California’s request for a waiver from the mandates of the No Child Left Behind Act will be denied, according to this story in the San Jose Mercury News. Apparently, the state learned of this in a phone call from department officials the Friday before the Christmas holiday, but the official word hasn’t gone out yet.
The denial of the waiver request is a really big deal. It means the most populous state in the country, with the biggest congressional delegation, will be stuck with the outdated, much maligned No Child Left Behind as it is for the forseeable future. And next school year is the 2013-14 school year, when all students were supposed to be at the proficiency level on state tests—so there will be many, many schools in the Golden State that will not meet their NCLB goals.
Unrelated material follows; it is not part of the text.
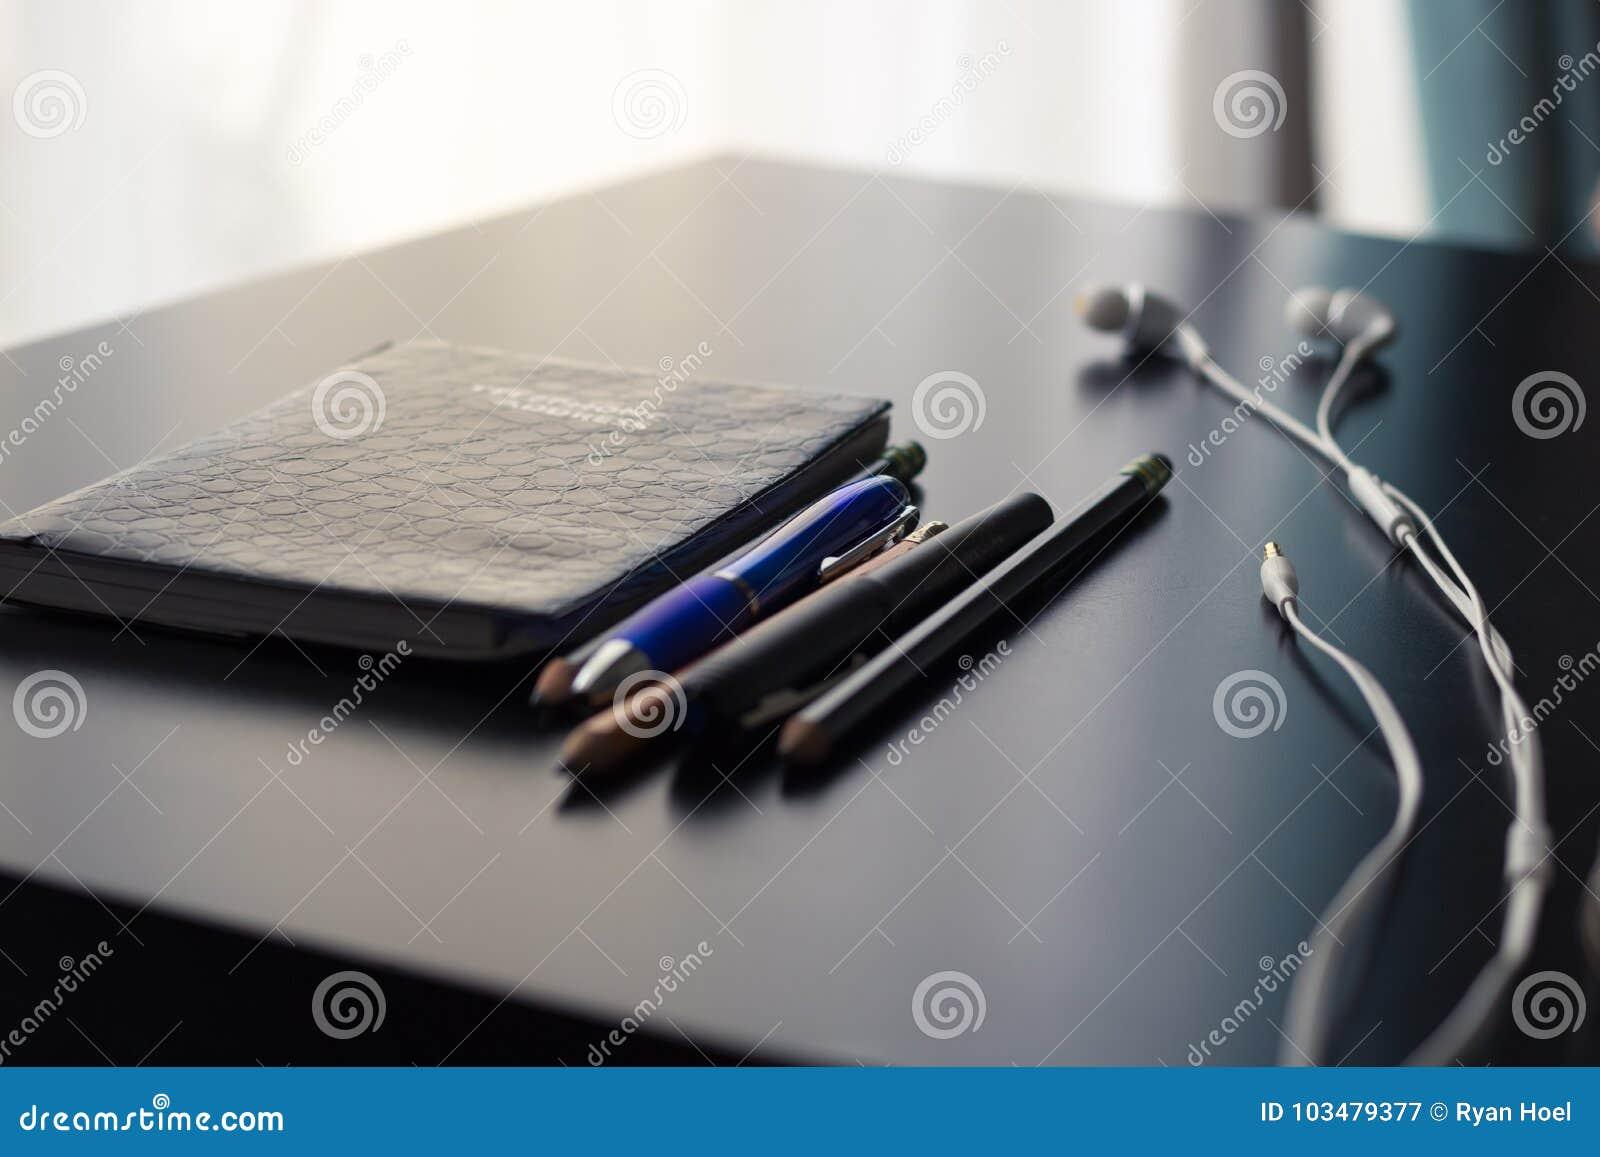 Equipamento de escritório sobre a mesa

So why was California denied when more than 30 states plus the District of Columbia have been approved—and others have gotten a temporary reprieve while they work on their waiver applications? California’s waiver request was different from almost everyone else’s. The state tried to go its own way, essentially agreeing at least in part to two of the department’s three principles—common standards and a differentiated accountability system with goals, while ignoring the third: a teacher evaluation system that takes student outcomes into account. Another large state—Texas—also went its own way.
Could California’s denial put added pressure on the department to allow districts, like say, Los Angeles Unified, to apply for their own waivers? The department floated that idea earlier this year—and it met with some major pushback from state chiefs.